Indeed in the last decade or so, the issue of global climate change has become a bigger concern than ever before to the mainstream public. More than ever, the public-at-large is taking notice to the effects of global warming, with apparently erratic and abnormal weather patterns taking place the world over. Even Hollywood has popularised the issue of global warming, with recent movies like ‘The Day After Tomorrow (20th Century Fox, 2004) showcasing the, albeit exaggerated, apocalyptic effects of a global climate system collapse.
Despite uncertainty over how anthropogenic carbon dioxide (CO2) concentration in the atmosphere is influencing the rise of global average temperatures, there is overwhelming consensus in the mainstream scientific fraternity that mankind plays a discerning role on the Earth’s climate, with fossil fuel combustion being the main contributing factor.
The purpose of this project is to investigate on the little known concept of melting point swing (MPS) absorption using the unique properties of some salt hydrates like tetramethylammonium fluoride tetrahydrate (TMAF), [(CH 3 )4N]F.4H2O, or tetraethylammonium acetate tetrahydrate (TEAA), [(C2H5)4N]CH3CO2.4H2O. The melts of these salts have been discovered to exhibit very impressive CO2 affinity and absorption capacities (Quinn et al., 1995a & 1995c).

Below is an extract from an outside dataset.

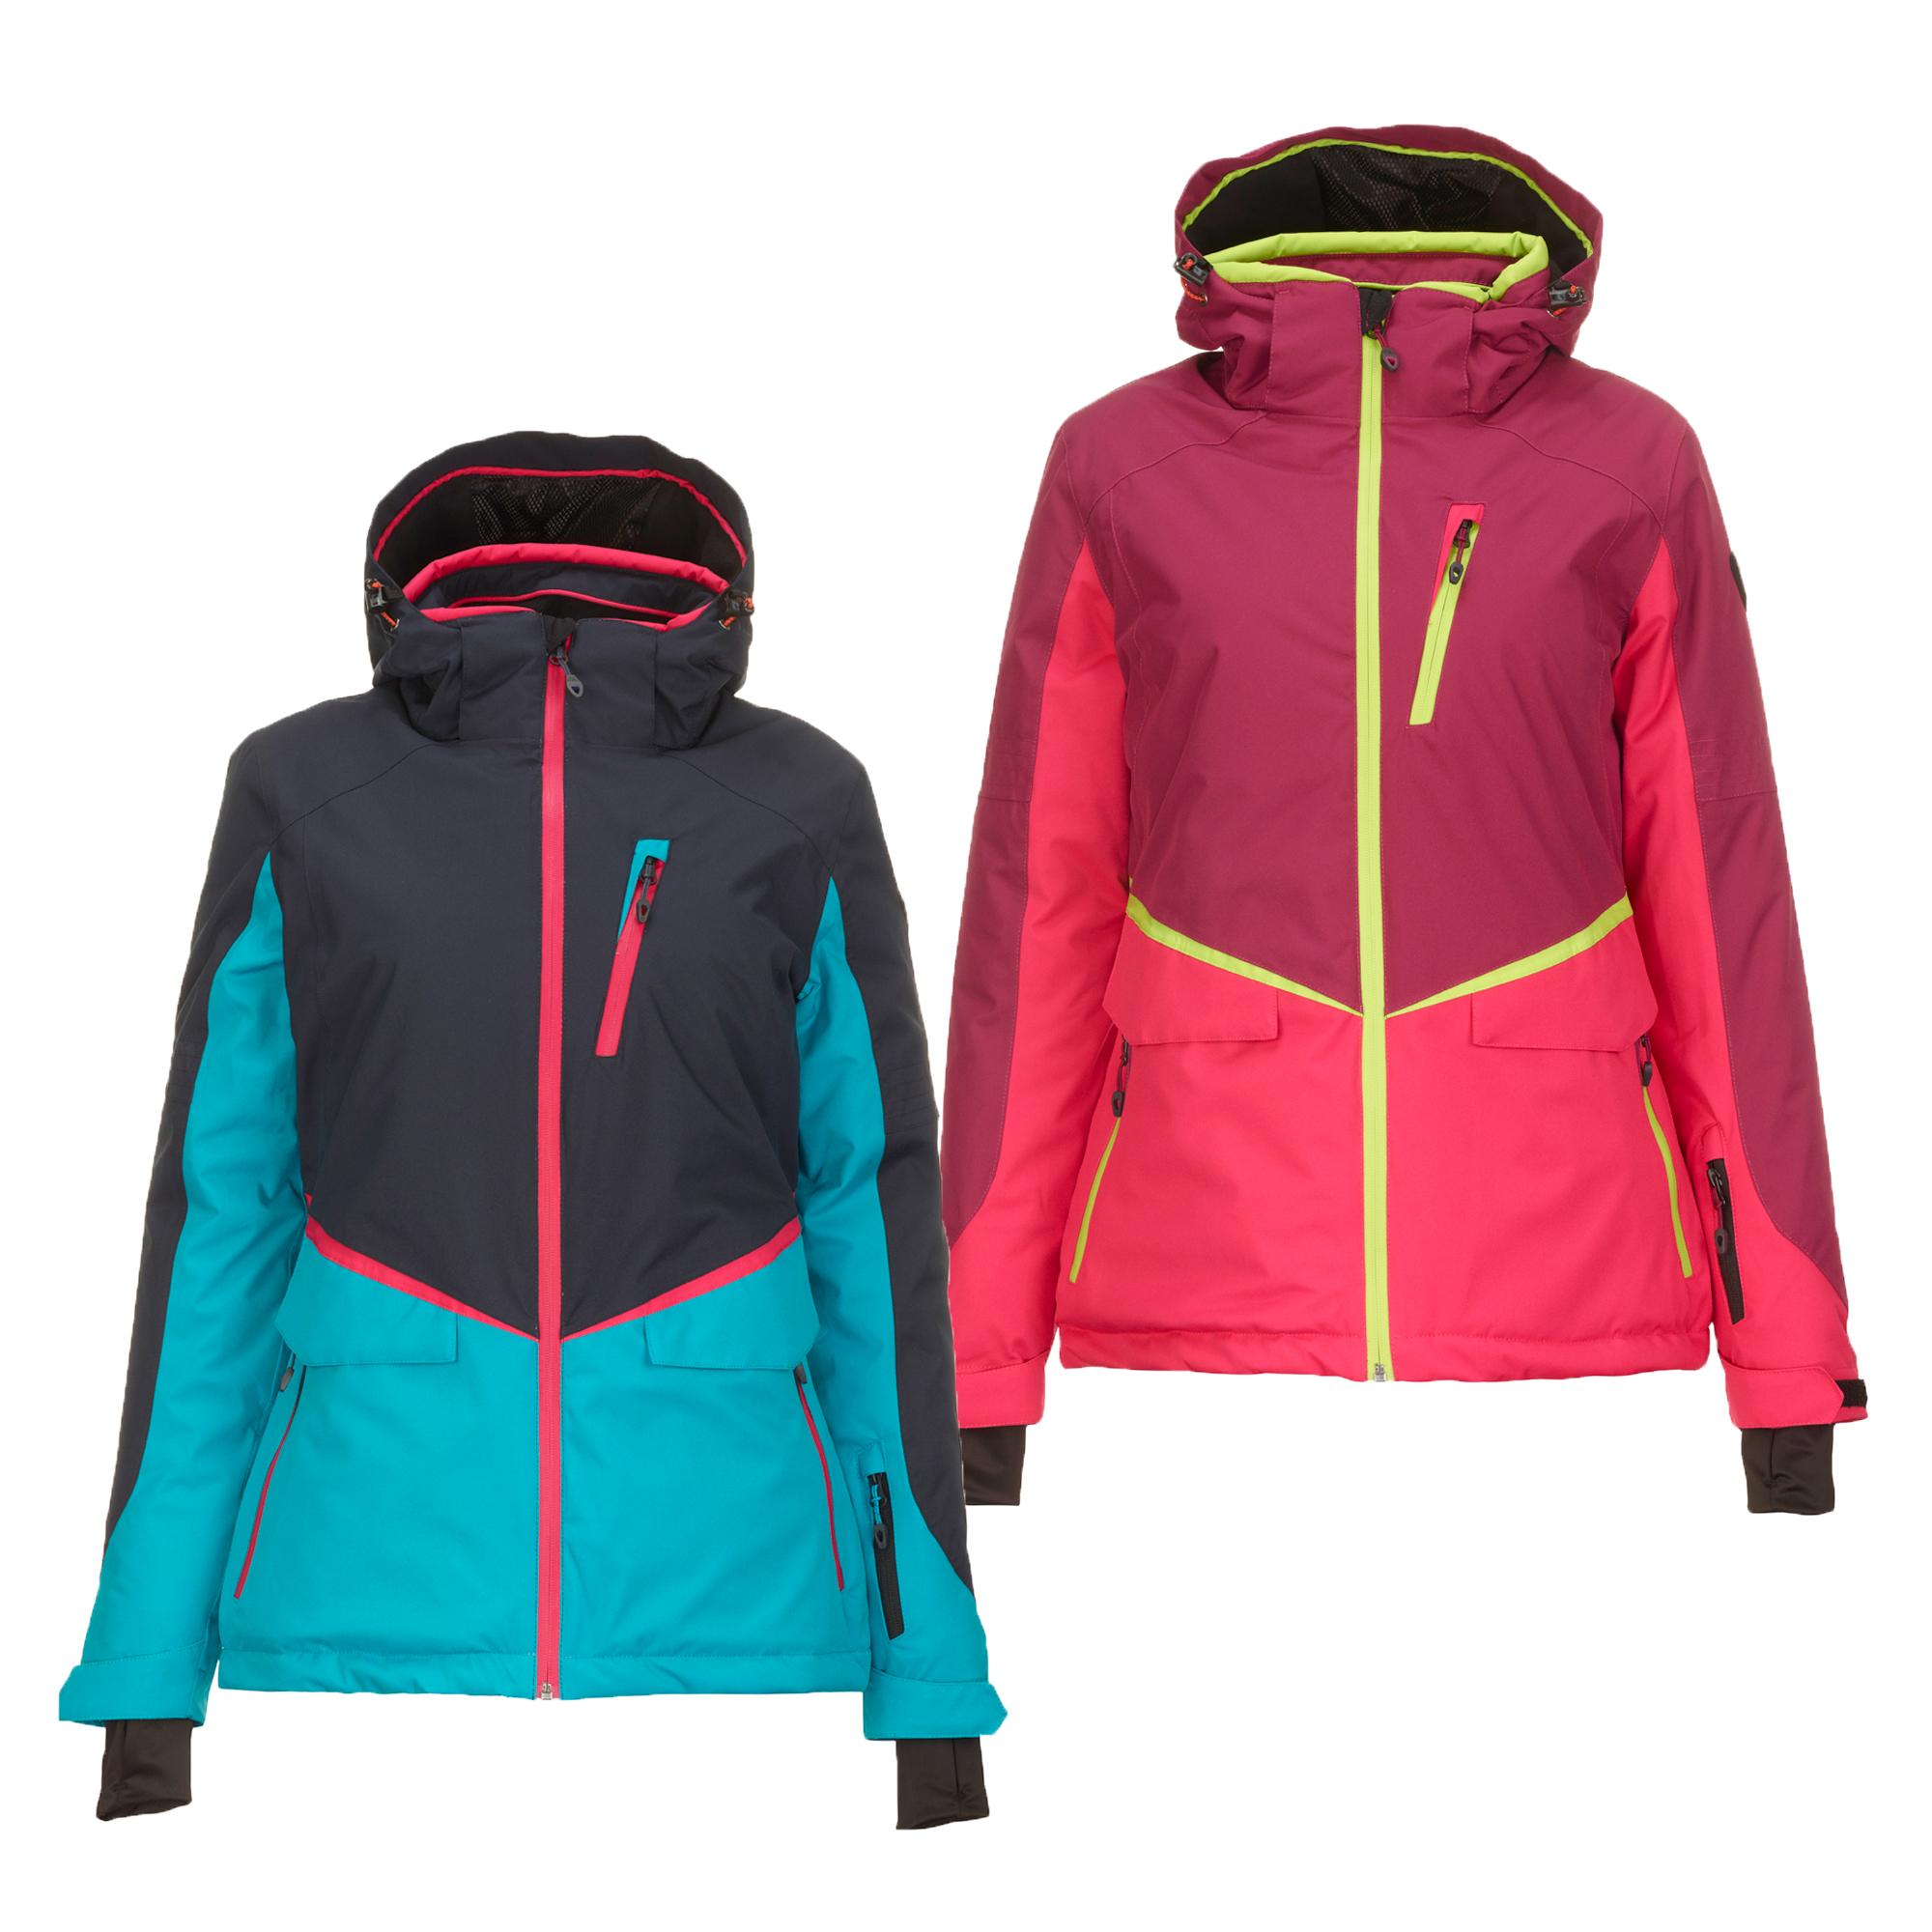 Details about Killtec dorya Ladies Ski Jacket Winter Jacket Functional Jacket show original title

It has been shown that CO2 can be efficiently absorbed by these salt hydrates at a low temperature (ca. 50 °C) and rapidly released when the temperature is lowered to solidify the salt (ca. 30 °C). This represents the idea of MPS, where the CO2 is absorbed and desorbed by “swinging” around the melting point of the absorbent. The utilisation of this technique incorporating suitable salt hydrates has the potential to become an economical, practical and highly effective means of capturing CO2 (Quinn et al., 1995c).
Researches done to date by Quinn et al. (1995a, 1995b, 1995c, 2001) and Flowers (2002) have shown very favourable results for employing such salt hydrates as CO2 absorbents. Near 100% absorbency, high capacity and high selectivity of CO2 have been reported. The aim of this project is to report findings from prior art and thereafter, design an experimental setup capable of testing the novel concept of MPS absorption and investigate other salt hydrates that can be used with this novel method. An all-in-one experimental setup was conceived.